**Assignment:**
Would you return the data exactly as given, except for its pictures?

[Input data Boundary: Start]

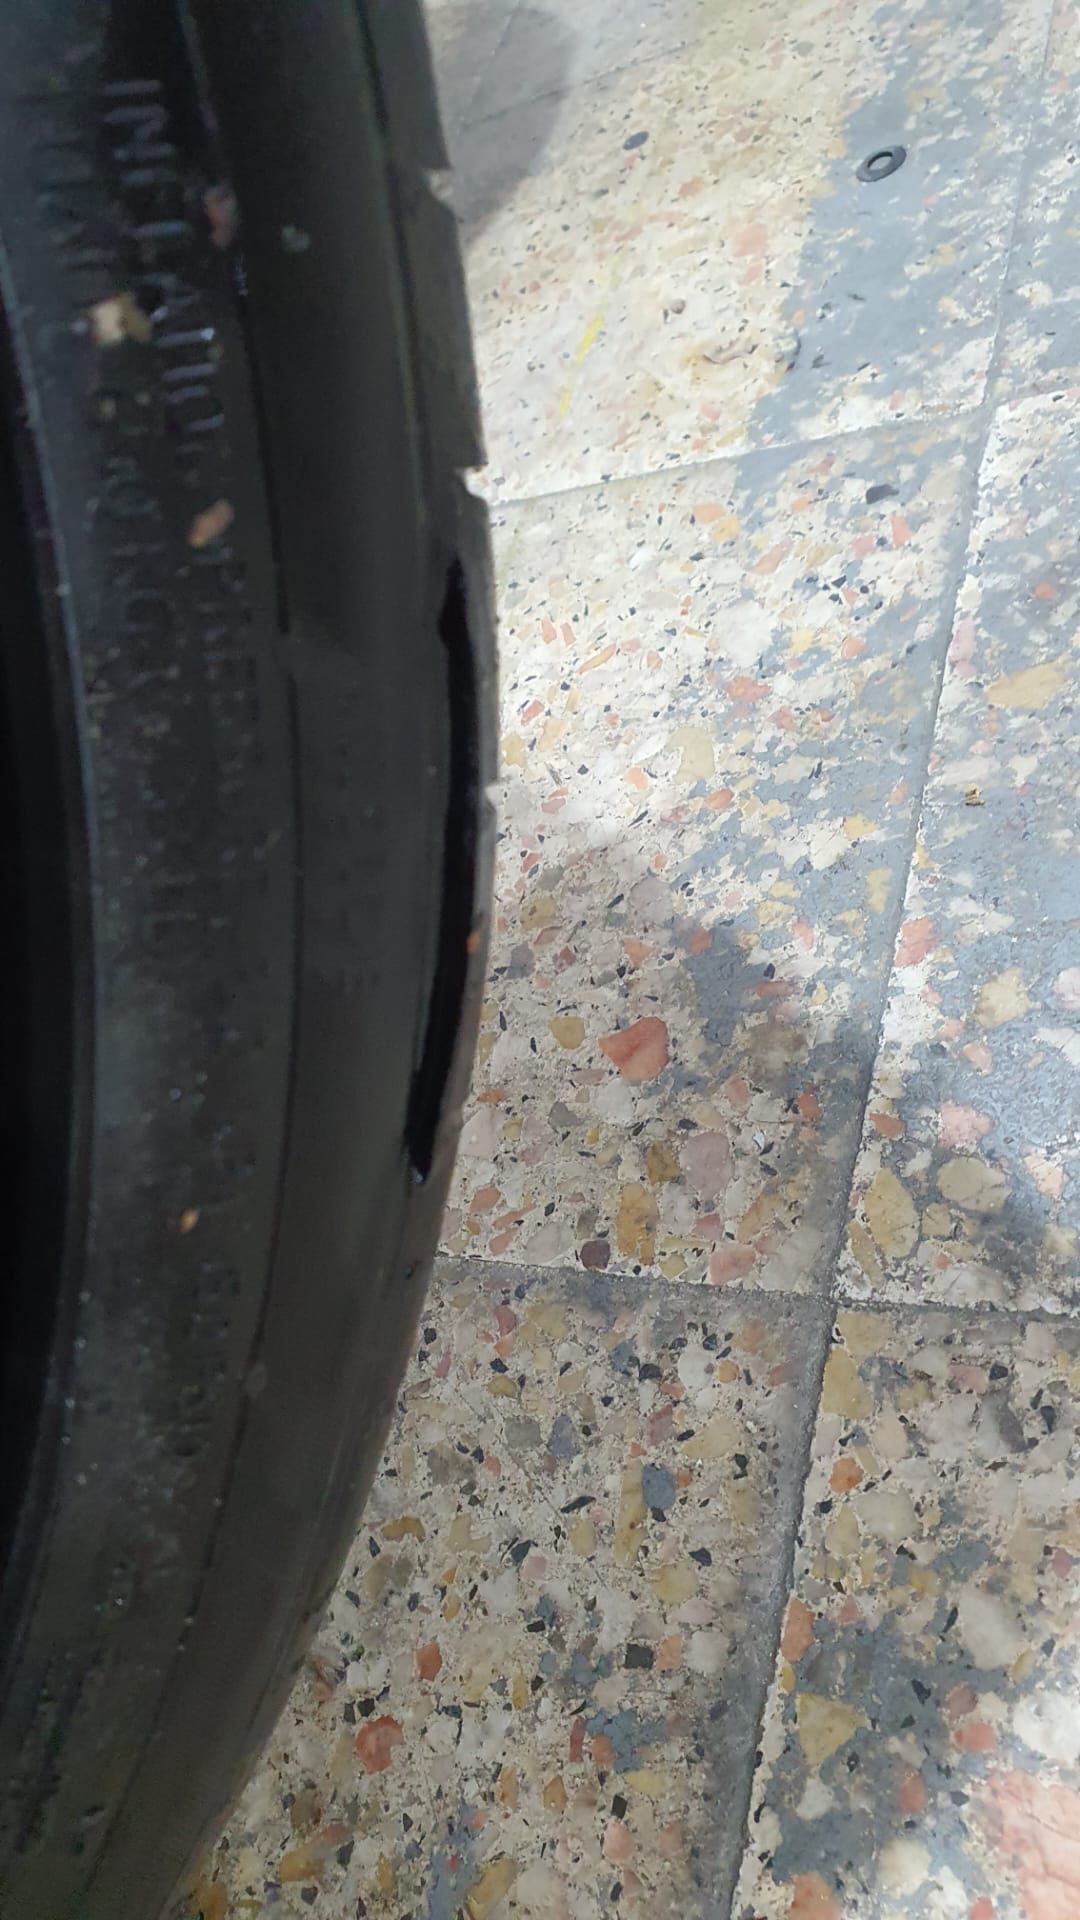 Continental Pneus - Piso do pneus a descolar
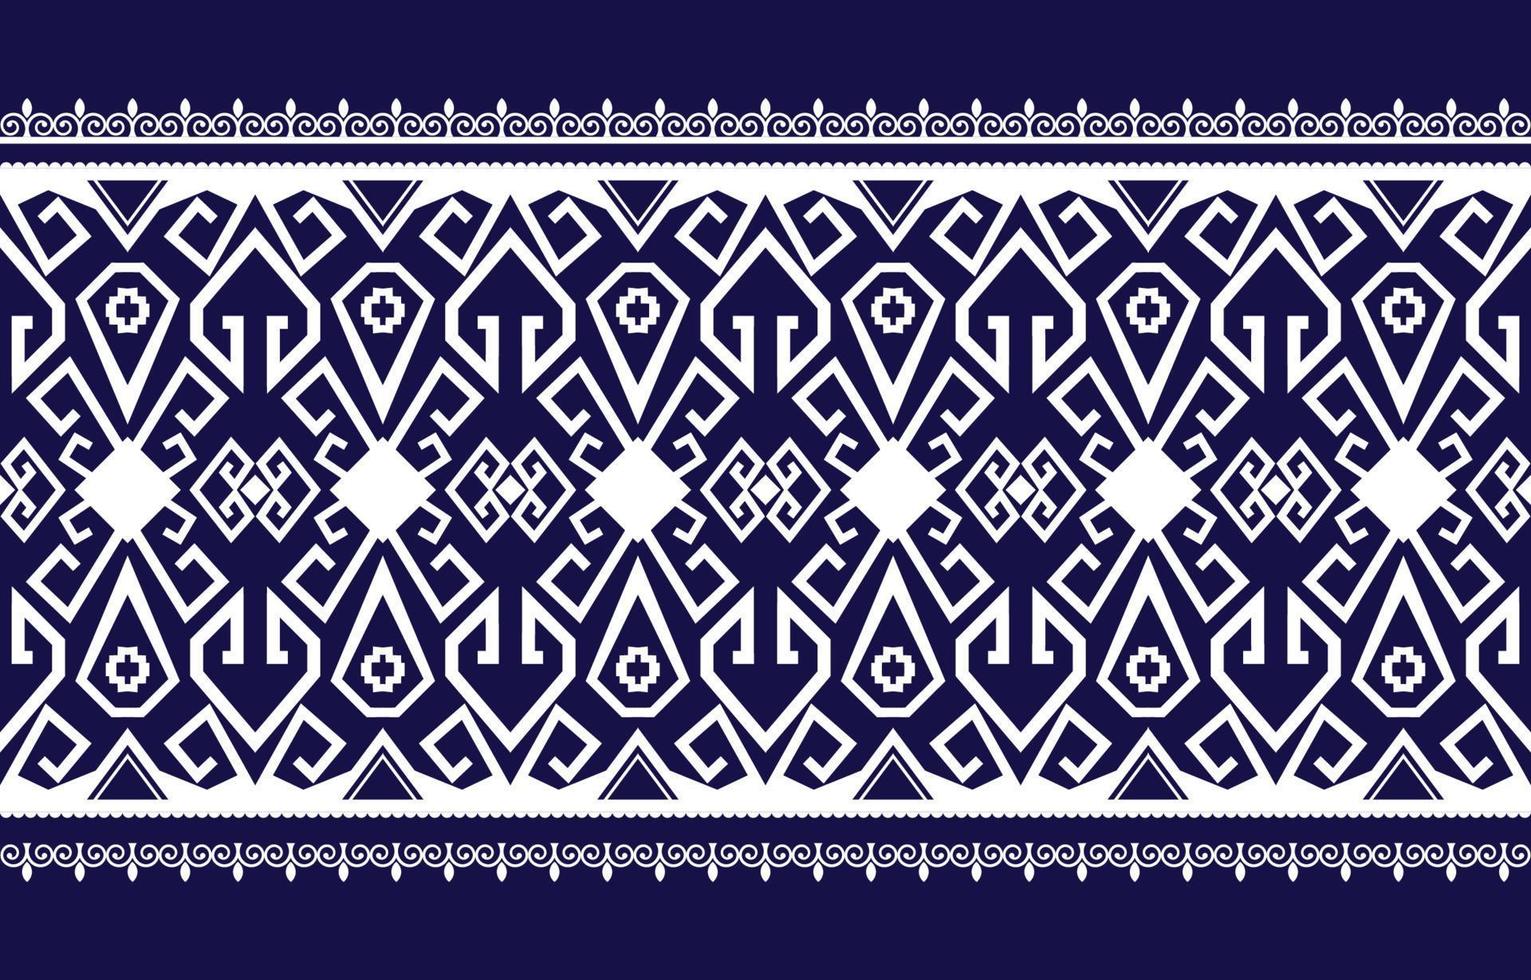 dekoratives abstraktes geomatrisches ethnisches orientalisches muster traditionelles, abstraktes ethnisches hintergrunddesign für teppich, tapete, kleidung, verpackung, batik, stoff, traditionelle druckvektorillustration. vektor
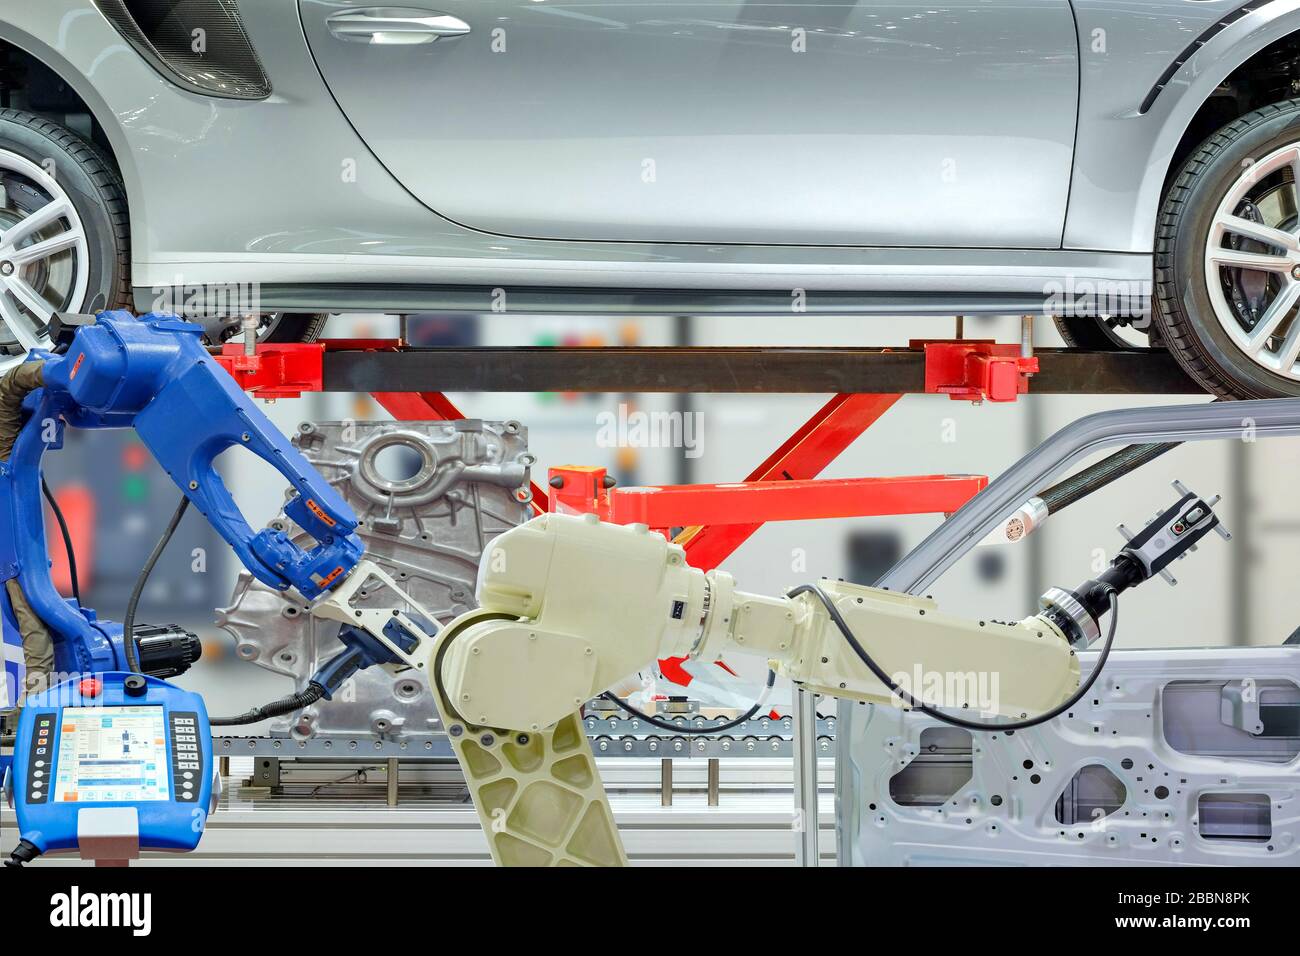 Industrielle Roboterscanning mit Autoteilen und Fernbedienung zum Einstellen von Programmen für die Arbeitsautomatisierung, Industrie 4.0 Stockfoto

[Input data Boundary: End]

**Written response:**
 Continental Pneus - Piso do pneus a descolar
 dekoratives abstraktes geomatrisches ethnisches orientalisches muster traditionelles, abstraktes ethnisches hintergrunddesign für teppich, tapete, kleidung, verpackung, batik, stoff, traditionelle druckvektorillustration. vektor
 Industrielle Roboterscanning mit Autoteilen und Fernbedienung zum Einstellen von Programmen für die Arbeitsautomatisierung, Industrie 4.0 Stockfoto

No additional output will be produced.